It is, however, only a temporary ease and one anticipates that once the year has ended and the Christmas splurging has been done, the increase will flow through the customers who will then experience in their pockets the impact of the increase. This may have the effect of dampening some sales in the New Year and thereby reducing Government’s intake of VAT which might put some of the anticipated revenue uptake at risk.
Yet such are the vagaries of human response that one is never sure how the general population is likely to react to economic measures handed down in Budgets, which are naturally designed to achieve stated objectives. Indeed, the study of consumer behaviour which resides most closely in the discipline of psychology has become in recent times a study of economics itself since all economic forecasting must of necessity take this factor into account.
As our tourism season is about to lift off, we raise this point because it matters to us as a small developing country that we, too, must be thoughtful of how we market our country abroad and at home to visitors.
Tourism and services have now become our major breadbasket in that we draw the largest chunk of our foreign exchange earnings from these two sectors, and just as Bridgetown stores have to ensure that they so market themselves that they continue to attract customers, so too must this island continue to so market itself that we compete successfully against the worldwide competition to attract tourists in what has become a tight market, aggravated by the international recession.
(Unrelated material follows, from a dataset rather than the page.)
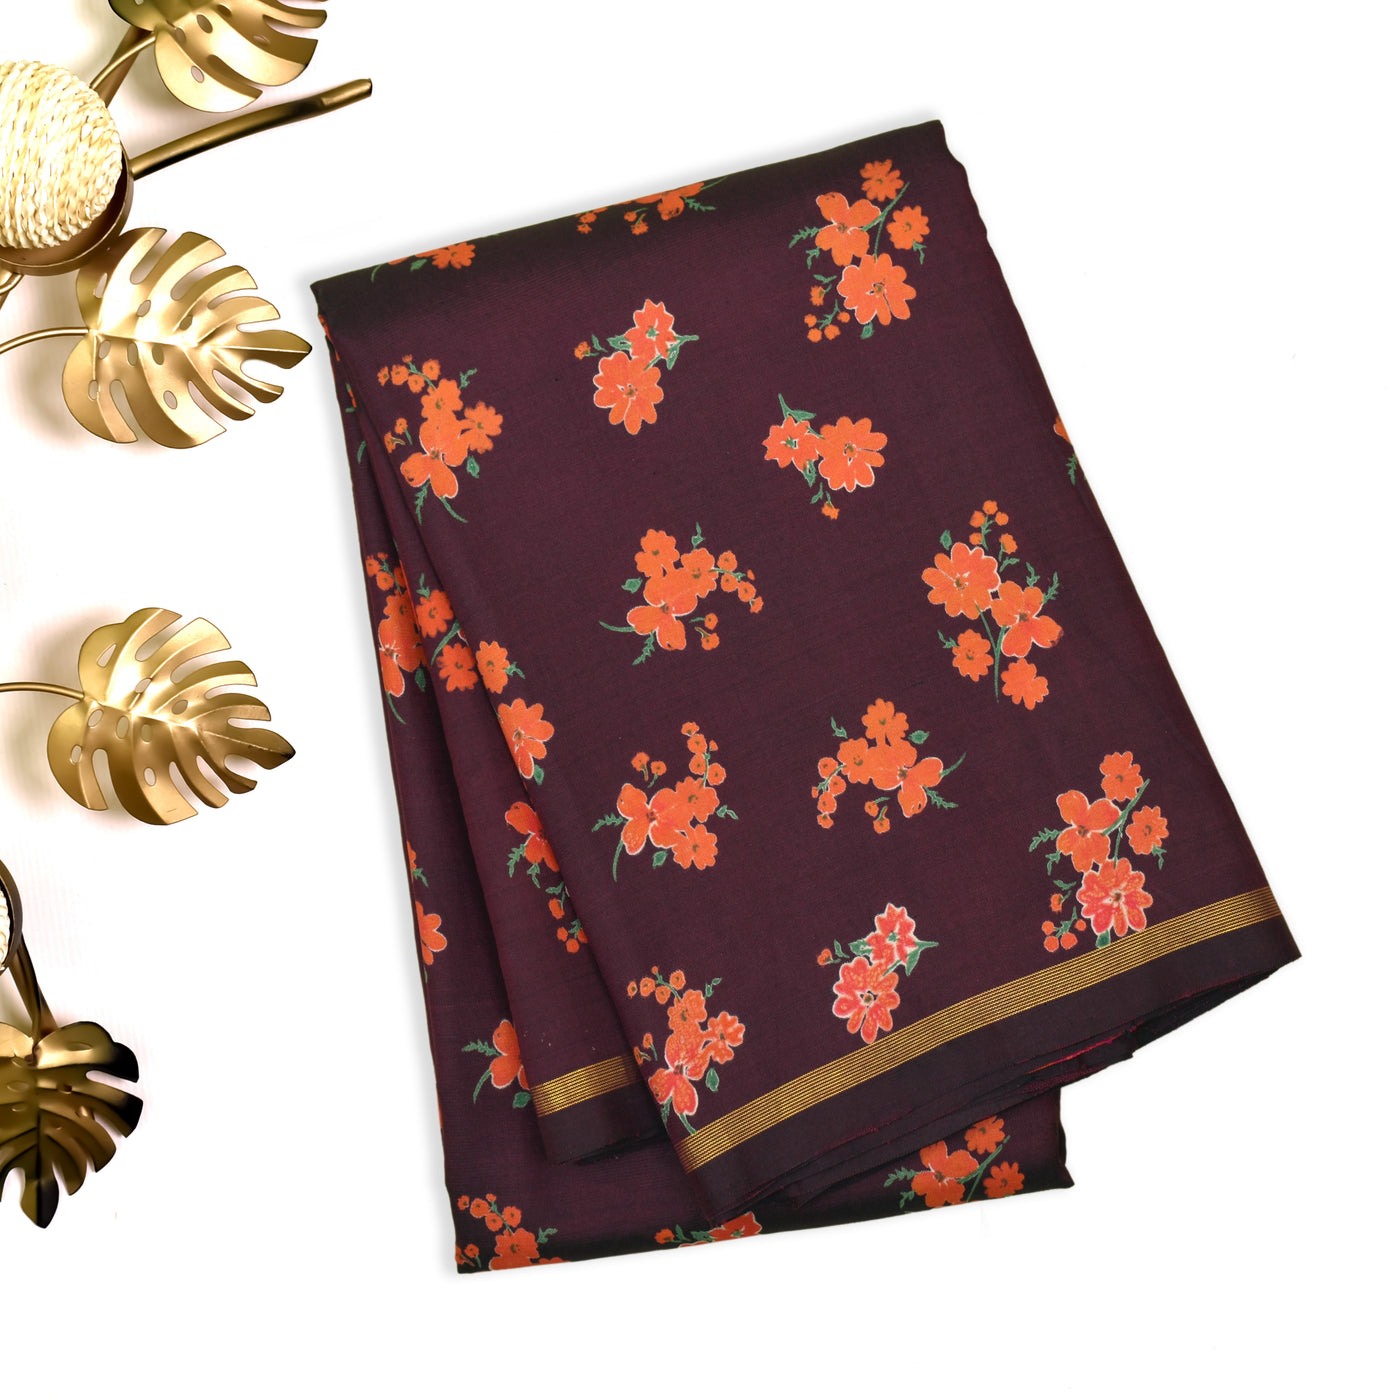 V Pakku Printed Kanchi Silk Saree with Floral Print Design

It has to be made clear that the external marketing must be matched by a welcoming attitude by those of us who may come into contact with tourists visiting our shores.
We do not need to be servile in order to render proper service, nor do we need to genuflect to every passing visitor to make him or her feel welcome.
Yet as we embark on the opening phases of another tourist season, we must be the more acutely conscious that it ensures to the benefit of our island if our visitors regard us as a friendly people and see our island as a peaceful and safe place to spend their vacations.
Tourism really is our business and we must be realistic about the chances of further  economic growth if our main foreign exchange earner is hamstrung by unwelcoming local attitudes, for in that case all the external marketing will not help us if the product does not live up to the marketing of the Barbados Tourism Authority.  
And we must not be in any doubt that the mix of factors which go into making for a successful product includes the attractiveness of the physical landscape, the salubrious nature of our climate and the political stability of our island; but of greatest importance will be the way we react to and treat our visitors once they are here.
Simply by being NISE to each other and to visitors alike, each and every Barbadian can do his or her bit to help the national effort to pull together at this critical economic juncture.  
By doing so we will be safeguarding thousands of jobs, protecting our standard of living, and helping in the national effort at rebalancing the economy.